10 KiB

title teaser tag source new
KnowledgeBase A storage class for entities and aliases of a specific knowledge base (ontology) class spacy/kb/kb.pyx 2.2

The KnowledgeBase object is an abstract class providing a method to generate Candidate objects, which are plausible external identifiers given a certain textual mention. Each such Candidate holds information from the relevant KB entities, such as its frequency in text and possible aliases. Each entity in the knowledge base also has a pretrained entity vector of a fixed size.

Beyond that, KnowledgeBase classes have to implement a number of utility functions called by the EntityLinker component.

This class was not abstract up to spaCy version 3.5. The KnowledgeBase implementation up to that point is available as InMemoryLookupKB from 3.5 onwards.


KnowledgeBase is an abstract class and cannot be instantiated. Its child classes should call __init__() to set up some necessary attributes.


from spacy.kb import KnowledgeBase
from spacy.vocab import Vocab

class FullyImplementedKB(KnowledgeBase):
  def __init__(self, vocab: Vocab, entity_vector_length: int):
      super().__init__(vocab, entity_vector_length)
vocab = nlp.vocab
kb = FullyImplementedKB(vocab=vocab, entity_vector_length=64)
Name Description
vocab The shared vocabulary. Vocab
entity_vector_length Length of the fixed-size entity vectors. int


The length of the fixed-size entity vectors in the knowledge base.

Name Description
RETURNS Length of the fixed-size entity vectors. int


Given a certain textual mention as input, retrieve a list of candidate entities of type Candidate.


from spacy.lang.en import English
nlp = English()
doc = nlp("Douglas Adams wrote 'The Hitchhiker's Guide to the Galaxy'.")
candidates = kb.get_candidates(doc[0:2])
Name Description
mention The textual mention or alias. Span
RETURNS An iterable of relevant Candidate objects. Iterable[Candidate]


Same as get_candidates(), but for an arbitrary number of mentions. The EntityLinker component will call get_candidates_batch() instead of get_candidates(), if the config parameter candidates_batch_size is greater or equal than 1.

The default implementation of get_candidates_batch() executes get_candidates() in a loop. We recommend implementing a more efficient way to retrieve candidates for multiple mentions at once, if performance is of concern to you.


from spacy.lang.en import English
nlp = English()
doc = nlp("Douglas Adams wrote 'The Hitchhiker's Guide to the Galaxy'.")
candidates = kb.get_candidates((doc[0:2], doc[3:]))
Name Description
mentions The textual mention or alias. Iterable[Span]
RETURNS An iterable of iterable with relevant Candidate objects. Iterable[Iterable[Candidate]]


This method is _not_ available from spaCy 3.5 onwards.

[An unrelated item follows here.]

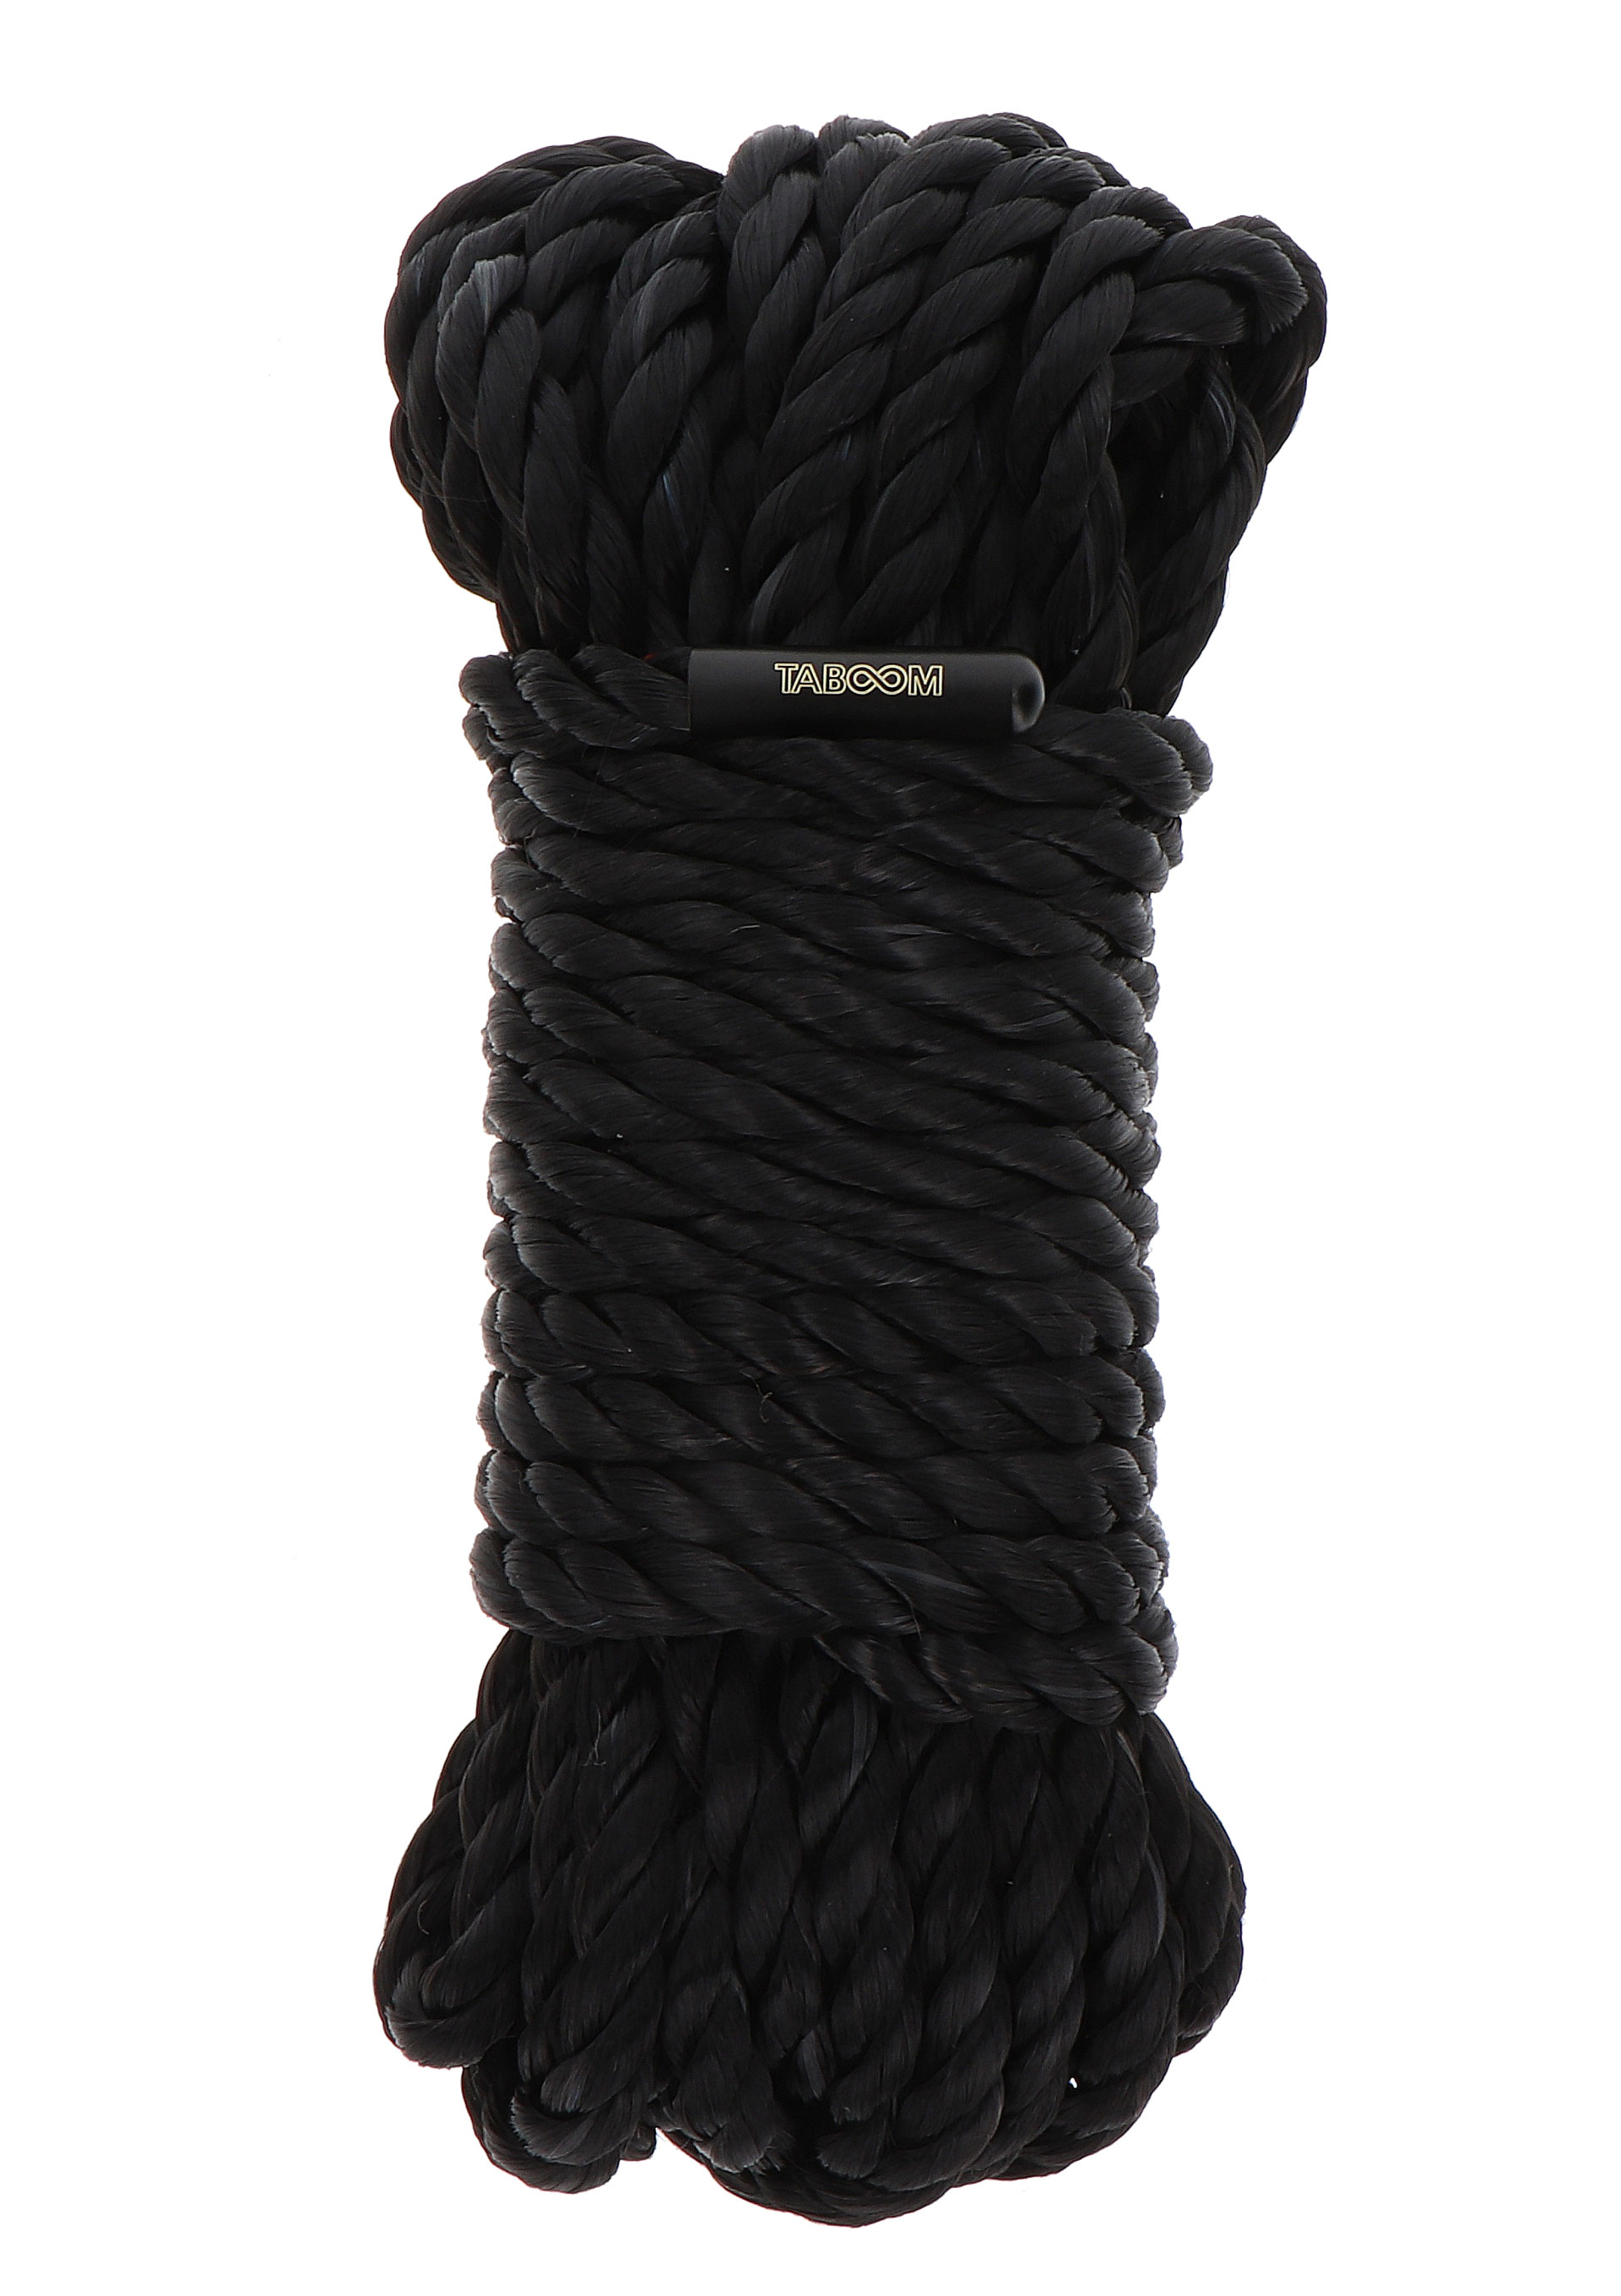 Taboom - Taboom Bondage Rope 10 meter 7mm Black

From spaCy 3.5 on KnowledgeBase is an abstract class (with InMemoryLookupKB being a drop-in replacement) to allow more flexibility in customizing knowledge bases. Some of its methods were moved to InMemoryLookupKB during this refactoring, one of those being get_alias_candidates(). This method is now available as InMemoryLookupKB.get_alias_candidates(). Note: InMemoryLookupKB.get_candidates() defaults to InMemoryLookupKB.get_alias_candidates().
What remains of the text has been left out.